Additionally, some data elements were reviewed and improved. For instance, sensitivity improvements have been made to remove references to curse words from entries where they are not relevant.

Portuguese-English

For this year content update for our Portuguese bilingual dataset, around 100 new terms have been added to the English-Portuguese side.

Instances of black referring to ethnicity have been changed to Black in both sides, in line with current US English usage, as this dataset primarily uses US English.

Russian-English

The content update made in the Russian bilingual dictionary data includes approximately 50 new and updated entries across Russian-English and English-Russian.

Updates around the data was also included, where stress and syllable markers have been removed from the Russian headwords but are still present within the one of the attributes on the headword element.

Spanish

The editorial team added and revised approximately 300 entries across English-Spanish and Spanish-English.

Sensitivity review has been carried out across both sides to ensure that sensitive terms are labelled and used appropriately. Besides the content update, updates on the data were also made, including the expansion of abbreviations for ‘somebody’ (‘sb’), ‘something’ (‘sth’), and ‘alguien’ (‘algn’) across both sides of the bilingual dataset.

Thesaurus data

To complete the content update for our Spanish datasets made this time, our editorial team also revised and updated the Spanish thesaurus dataset.

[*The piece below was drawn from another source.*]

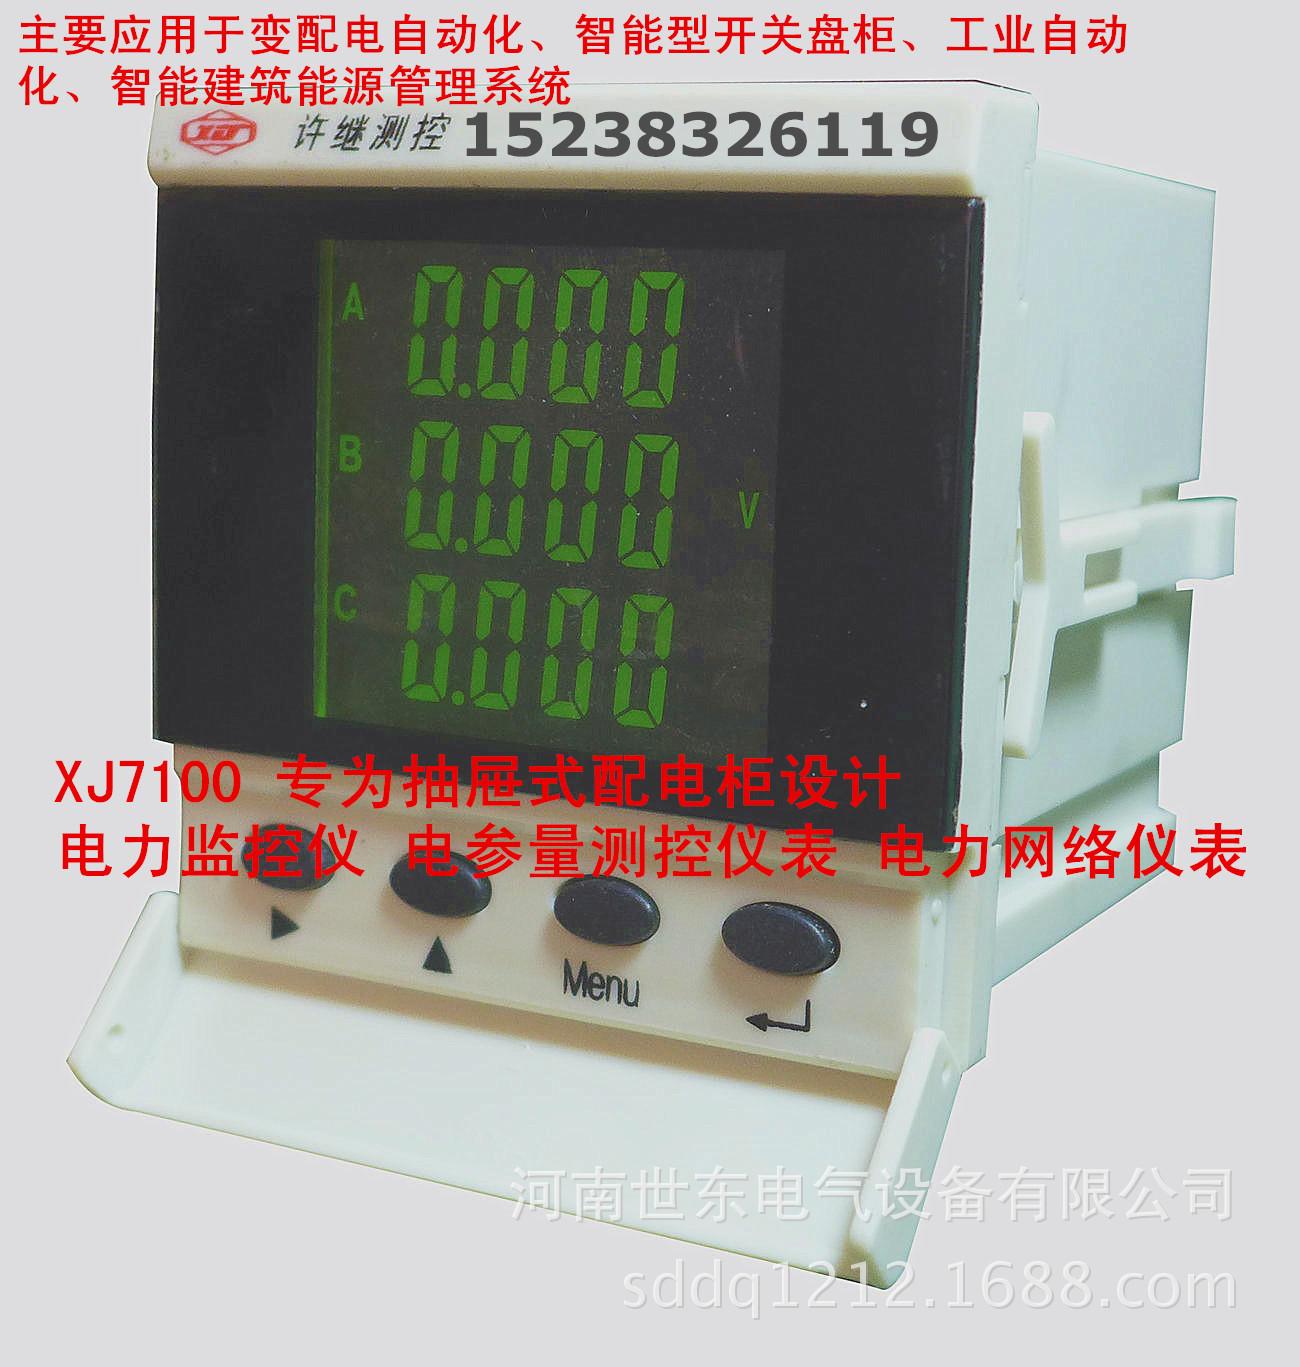 相电压线电压模拟量输出开关量输入XJ7100BS电力监控控制调

There was a comprehensive review project around this data covering sensitivity review where particular attention was paid to inclusivity, sexism, LGBT+ phobia, and discrimination against minorities.

Sensitivity labelling has been improved to enhance clarity and avoid repetition. Usage notes in the relevant entries have been reviewed as well.

The team also revised entries in the data to reflect present use of the Spanish language, and appropriate register labels have been applied to the relevant headwords, senses, and synonyms.
 
The content update for the thesaurus data also includes the expansion of the headword list where approximately 1000 entries have been added.

The thesaurus dataset also went through a structural update to improve data usage.